Dear pretty lady,
Yes, you are pretty. Stop trying to stuck in that stomach and obsessing about your weight. You look gorgeous, and you’ll never have that belly button again. One day your stomach will sag with the weight of pregnancies past and your navel will be weirdly distorted. Stretch marks will spider your thighs and breasts. This sounds horrifying, but you will have gotten them producing some of the people you love most on earth, so you won’t mind. But until then, enjoy your flat stomach and perky boobs. At least, don’t revel in their imperfections.
You like to go out. You go to restaurants and bars. You go to street festivals. Enjoy that while you can. You can haul a tiny baby with you, but once that baby reaches toddler age, he can’t be depended upon to sleep through a decent meal. He’ll be shouting and throwing spoons and you’ll wonder how you could have been so stupid to both procreate and take the fruit of that procreation to Olive Garden. Relax. All toddlers do things like that. But at that point, your dates will be mostly limited to when you can find and pay a babysitter. This will be seldom. So go out now. Enjoy being out. Do not take a restaurant trip for granted, a restaurant trip that doesn’t involve drawing dinosaurs on placemats. You’ll learn to draw a decent dinosaur. Don’t worry about that.
Your feelings on your mother currently hover somewhere around neutral love. Enjoy that right now. Go to lunch with her, relax with her, call her on a regular basis. When you have a baby, your feelings for her will swing wildly from total contempt to worshipful adoration. All parenting advice she gives you will be wrong. She will insist on giving it. This will infuriate you. Then, you’ll see her with the baby, and you’ll realize the bond between grandmother and grandchild, and you’ll melt. The work you do for the baby, and the love you feel for it, will get you all mushy inside, too. So enjoy a non-fraught mom-relationship while you can.

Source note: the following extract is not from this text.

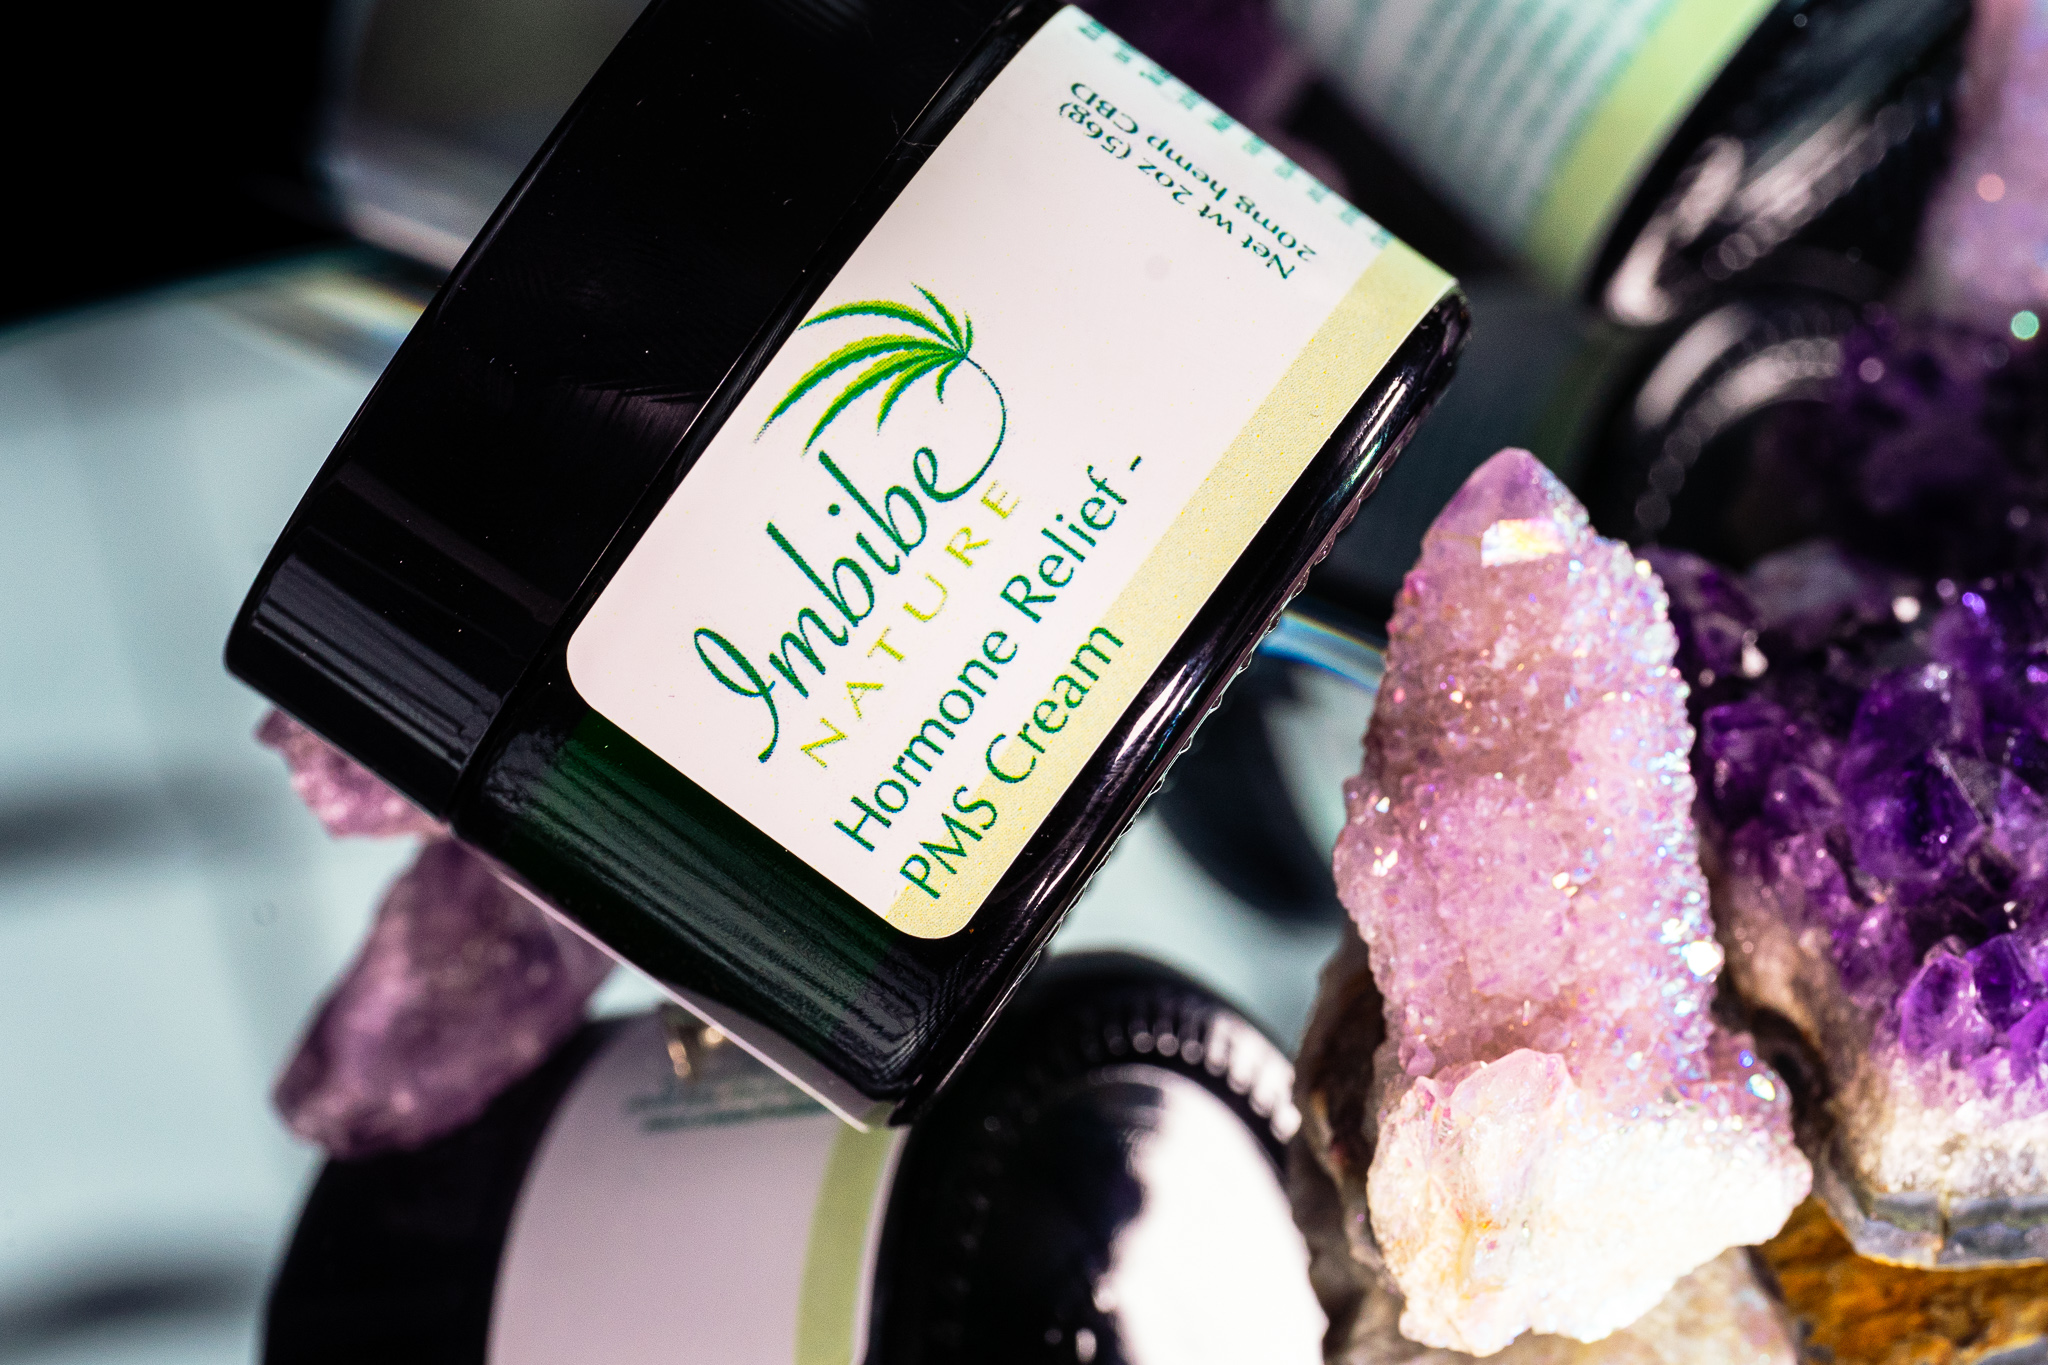 A jar of Imbibe Nature Hormone Relief PMS Cream surrounded by a variety of light and dark purple crystals.

Enjoy your pre-baby husband and your time together. Go to lots of movies — that’s going to get really tough when you have a baby. Watch gory, scary movies with him now, before every fake murder victim wears the face of your child. Do some mini-golf; go hiking for longer than two miles (about as much as a toddler can handle). Even that two-mile hike will take three hours in the near future. Sit in a hot tub with him and no one else as often as possible.
Travel. It’s hard to travel with children, especially when they’re small and tend to cry when their ears pop. Go overseas. See Rome, see Hong Kong, see Paris and London and the moors of Yorkshire. Even if you can’t afford a trip abroad, you can do some road trips through the country. See Yellowstone National Park and the Grand Canyon, Death Valley and the Smithsonian. Even if you do it on a shoestring, you’ll have a blast. You’ll never be so free to pick up and leave again. Take advantage of it.
Sleep late. Sleep gloriously, ridiculously late, like noon or even 2 PM. Go to bed in a delightful knowledge that you will sleep all night and wake up when you want to wake up, not when someone else thinks you should. You will not wake up. You will stay in your bed all night. Enjoy this. Do not take it for granted. This is important. One day a small person will rule all your nights, and they will enjoy partying at 3 AM. Now you need to cultivate sleep. Curate your sleep, with masks and fluffy pillows and just the right mattress pad. Nap amongst piles of pillows.
Read a novel. It’s hard to find time when you’re a mom. Not for any particular reason. It’s just one of the general parts of being a mom.
You’ll have time for these things again in a different season of your life. But that will be when your kids are grown, and you’ll learn quickly not to wish away any precious second. Right now, enjoy the things you can do. The baby won’t take away the life you have; it’ll add to it. But you won’t be able to enjoy certain things on demand, like a hot bath or music with the F-word. Indulge now. For me.